### Problem requirements
Could you reproduce, word for word, everything below from the line containing "COMEX 2015 price" down to the line containing "篮球比赛海报图片简单图片", with both of those lines included and no others?

+---+

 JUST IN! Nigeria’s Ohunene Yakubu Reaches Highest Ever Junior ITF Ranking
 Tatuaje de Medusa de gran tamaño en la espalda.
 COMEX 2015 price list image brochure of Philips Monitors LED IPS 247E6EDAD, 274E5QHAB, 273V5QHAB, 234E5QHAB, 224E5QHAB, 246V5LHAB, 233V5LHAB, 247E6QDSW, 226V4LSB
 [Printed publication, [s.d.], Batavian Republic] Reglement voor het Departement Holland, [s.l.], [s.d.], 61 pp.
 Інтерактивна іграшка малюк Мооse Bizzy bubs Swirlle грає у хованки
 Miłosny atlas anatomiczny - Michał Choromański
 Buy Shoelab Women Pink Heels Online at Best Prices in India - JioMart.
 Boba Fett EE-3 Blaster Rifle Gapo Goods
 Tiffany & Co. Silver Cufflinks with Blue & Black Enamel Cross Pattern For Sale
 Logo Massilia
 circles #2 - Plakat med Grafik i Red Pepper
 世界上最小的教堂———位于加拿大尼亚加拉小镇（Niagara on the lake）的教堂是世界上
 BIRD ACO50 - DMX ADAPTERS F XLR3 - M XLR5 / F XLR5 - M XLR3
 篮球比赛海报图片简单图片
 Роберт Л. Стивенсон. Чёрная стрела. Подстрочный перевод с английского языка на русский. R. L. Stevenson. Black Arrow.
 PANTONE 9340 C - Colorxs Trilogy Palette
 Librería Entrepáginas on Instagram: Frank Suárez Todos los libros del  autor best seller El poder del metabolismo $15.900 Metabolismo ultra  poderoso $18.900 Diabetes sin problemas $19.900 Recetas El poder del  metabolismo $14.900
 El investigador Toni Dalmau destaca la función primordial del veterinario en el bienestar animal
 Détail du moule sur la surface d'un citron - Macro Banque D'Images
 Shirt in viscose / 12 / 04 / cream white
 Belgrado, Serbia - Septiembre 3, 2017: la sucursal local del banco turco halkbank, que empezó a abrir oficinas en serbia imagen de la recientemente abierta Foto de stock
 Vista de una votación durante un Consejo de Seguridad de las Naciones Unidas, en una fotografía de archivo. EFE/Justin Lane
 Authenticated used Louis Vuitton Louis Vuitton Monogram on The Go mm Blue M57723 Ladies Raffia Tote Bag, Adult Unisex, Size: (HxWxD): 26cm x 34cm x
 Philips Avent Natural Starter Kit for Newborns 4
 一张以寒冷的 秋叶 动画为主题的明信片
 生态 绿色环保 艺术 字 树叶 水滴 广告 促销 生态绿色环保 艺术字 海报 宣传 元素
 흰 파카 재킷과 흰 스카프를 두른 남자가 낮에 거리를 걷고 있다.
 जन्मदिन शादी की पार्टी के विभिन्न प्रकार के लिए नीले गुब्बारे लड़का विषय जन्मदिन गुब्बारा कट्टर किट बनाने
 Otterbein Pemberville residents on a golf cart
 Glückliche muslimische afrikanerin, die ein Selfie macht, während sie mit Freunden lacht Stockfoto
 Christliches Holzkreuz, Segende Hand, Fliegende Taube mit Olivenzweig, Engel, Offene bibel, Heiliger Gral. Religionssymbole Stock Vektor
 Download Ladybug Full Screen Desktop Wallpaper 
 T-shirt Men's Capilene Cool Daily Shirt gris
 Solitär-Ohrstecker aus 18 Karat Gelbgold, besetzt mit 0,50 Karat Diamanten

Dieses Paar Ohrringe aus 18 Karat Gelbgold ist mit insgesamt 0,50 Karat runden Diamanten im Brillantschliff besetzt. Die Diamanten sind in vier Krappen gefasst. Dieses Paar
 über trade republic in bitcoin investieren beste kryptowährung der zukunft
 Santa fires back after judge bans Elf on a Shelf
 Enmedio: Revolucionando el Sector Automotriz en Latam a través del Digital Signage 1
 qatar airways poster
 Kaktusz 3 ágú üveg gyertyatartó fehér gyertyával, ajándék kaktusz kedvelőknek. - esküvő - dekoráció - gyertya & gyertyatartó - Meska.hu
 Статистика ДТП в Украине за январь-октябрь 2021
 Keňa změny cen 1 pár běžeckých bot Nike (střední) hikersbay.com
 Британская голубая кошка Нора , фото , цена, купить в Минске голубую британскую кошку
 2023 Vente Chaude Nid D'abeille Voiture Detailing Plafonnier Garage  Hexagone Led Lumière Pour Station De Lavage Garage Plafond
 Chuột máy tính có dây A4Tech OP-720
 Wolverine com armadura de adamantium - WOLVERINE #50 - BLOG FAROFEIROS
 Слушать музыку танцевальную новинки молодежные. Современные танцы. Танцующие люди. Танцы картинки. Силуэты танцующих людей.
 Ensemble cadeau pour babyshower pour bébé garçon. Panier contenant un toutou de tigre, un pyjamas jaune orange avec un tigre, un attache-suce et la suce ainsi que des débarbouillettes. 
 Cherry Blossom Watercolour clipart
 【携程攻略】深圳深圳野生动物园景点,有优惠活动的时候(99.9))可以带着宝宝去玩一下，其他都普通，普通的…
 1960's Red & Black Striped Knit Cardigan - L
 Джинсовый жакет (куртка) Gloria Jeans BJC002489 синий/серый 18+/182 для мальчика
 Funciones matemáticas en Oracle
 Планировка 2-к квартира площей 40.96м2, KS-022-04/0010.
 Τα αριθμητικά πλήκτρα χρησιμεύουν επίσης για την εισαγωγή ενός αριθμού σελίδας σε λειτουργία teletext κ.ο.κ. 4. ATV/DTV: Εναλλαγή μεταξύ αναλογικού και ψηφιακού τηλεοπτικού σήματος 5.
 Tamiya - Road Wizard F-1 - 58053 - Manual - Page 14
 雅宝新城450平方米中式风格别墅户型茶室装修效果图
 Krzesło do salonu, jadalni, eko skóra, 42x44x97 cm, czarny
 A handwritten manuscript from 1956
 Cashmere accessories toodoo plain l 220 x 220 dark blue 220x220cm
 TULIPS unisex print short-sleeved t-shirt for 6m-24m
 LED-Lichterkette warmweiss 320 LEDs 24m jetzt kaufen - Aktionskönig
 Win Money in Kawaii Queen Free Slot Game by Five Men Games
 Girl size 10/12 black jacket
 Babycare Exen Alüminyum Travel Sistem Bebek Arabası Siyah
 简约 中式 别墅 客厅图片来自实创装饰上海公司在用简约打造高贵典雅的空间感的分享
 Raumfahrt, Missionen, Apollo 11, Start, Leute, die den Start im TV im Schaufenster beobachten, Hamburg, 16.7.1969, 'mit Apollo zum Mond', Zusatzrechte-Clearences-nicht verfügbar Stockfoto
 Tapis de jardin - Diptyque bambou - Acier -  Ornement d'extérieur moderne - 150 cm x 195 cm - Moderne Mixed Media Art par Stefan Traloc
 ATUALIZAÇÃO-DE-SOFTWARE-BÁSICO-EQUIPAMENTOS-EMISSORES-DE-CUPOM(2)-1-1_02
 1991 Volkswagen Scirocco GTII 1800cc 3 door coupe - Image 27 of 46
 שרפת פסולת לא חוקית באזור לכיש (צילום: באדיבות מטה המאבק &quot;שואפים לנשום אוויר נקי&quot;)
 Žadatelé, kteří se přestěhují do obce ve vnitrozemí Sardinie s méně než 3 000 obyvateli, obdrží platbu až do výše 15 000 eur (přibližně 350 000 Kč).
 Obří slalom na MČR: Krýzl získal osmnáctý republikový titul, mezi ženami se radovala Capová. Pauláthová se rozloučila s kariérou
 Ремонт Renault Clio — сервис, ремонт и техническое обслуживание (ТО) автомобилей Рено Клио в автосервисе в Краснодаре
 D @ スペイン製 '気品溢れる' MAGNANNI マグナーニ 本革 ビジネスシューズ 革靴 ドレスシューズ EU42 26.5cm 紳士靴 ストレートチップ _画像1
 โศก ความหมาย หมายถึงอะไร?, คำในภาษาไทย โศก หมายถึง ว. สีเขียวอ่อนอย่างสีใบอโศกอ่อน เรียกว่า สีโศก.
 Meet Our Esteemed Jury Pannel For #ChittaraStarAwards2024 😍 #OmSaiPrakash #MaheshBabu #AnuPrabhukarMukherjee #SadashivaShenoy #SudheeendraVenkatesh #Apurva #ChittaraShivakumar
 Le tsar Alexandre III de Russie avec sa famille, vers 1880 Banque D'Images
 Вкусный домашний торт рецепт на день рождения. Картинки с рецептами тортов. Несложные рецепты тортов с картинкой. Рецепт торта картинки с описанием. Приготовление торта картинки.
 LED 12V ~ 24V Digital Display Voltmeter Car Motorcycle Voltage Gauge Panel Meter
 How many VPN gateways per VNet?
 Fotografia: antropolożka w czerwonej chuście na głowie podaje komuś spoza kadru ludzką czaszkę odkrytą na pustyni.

+---+

### Answer space
 COMEX 2015 price list image brochure of Philips Monitors LED IPS 247E6EDAD, 274E5QHAB, 273V5QHAB, 234E5QHAB, 224E5QHAB, 246V5LHAB, 233V5LHAB, 247E6QDSW, 226V4LSB
 [Printed publication, [s.d.], Batavian Republic] Reglement voor het Departement Holland, [s.l.], [s.d.], 61 pp.
 Інтерактивна іграшка малюк Мооse Bizzy bubs Swirlle грає у хованки
 Miłosny atlas anatomiczny - Michał Choromański
 Buy Shoelab Women Pink Heels Online at Best Prices in India - JioMart.
 Boba Fett EE-3 Blaster Rifle Gapo Goods
 Tiffany & Co. Silver Cufflinks with Blue & Black Enamel Cross Pattern For Sale
 Logo Massilia
 circles #2 - Plakat med Grafik i Red Pepper
 世界上最小的教堂———位于加拿大尼亚加拉小镇（Niagara on the lake）的教堂是世界上
 BIRD ACO50 - DMX ADAPTERS F XLR3 - M XLR5 / F XLR5 - M XLR3
 篮球比赛海报图片简单图片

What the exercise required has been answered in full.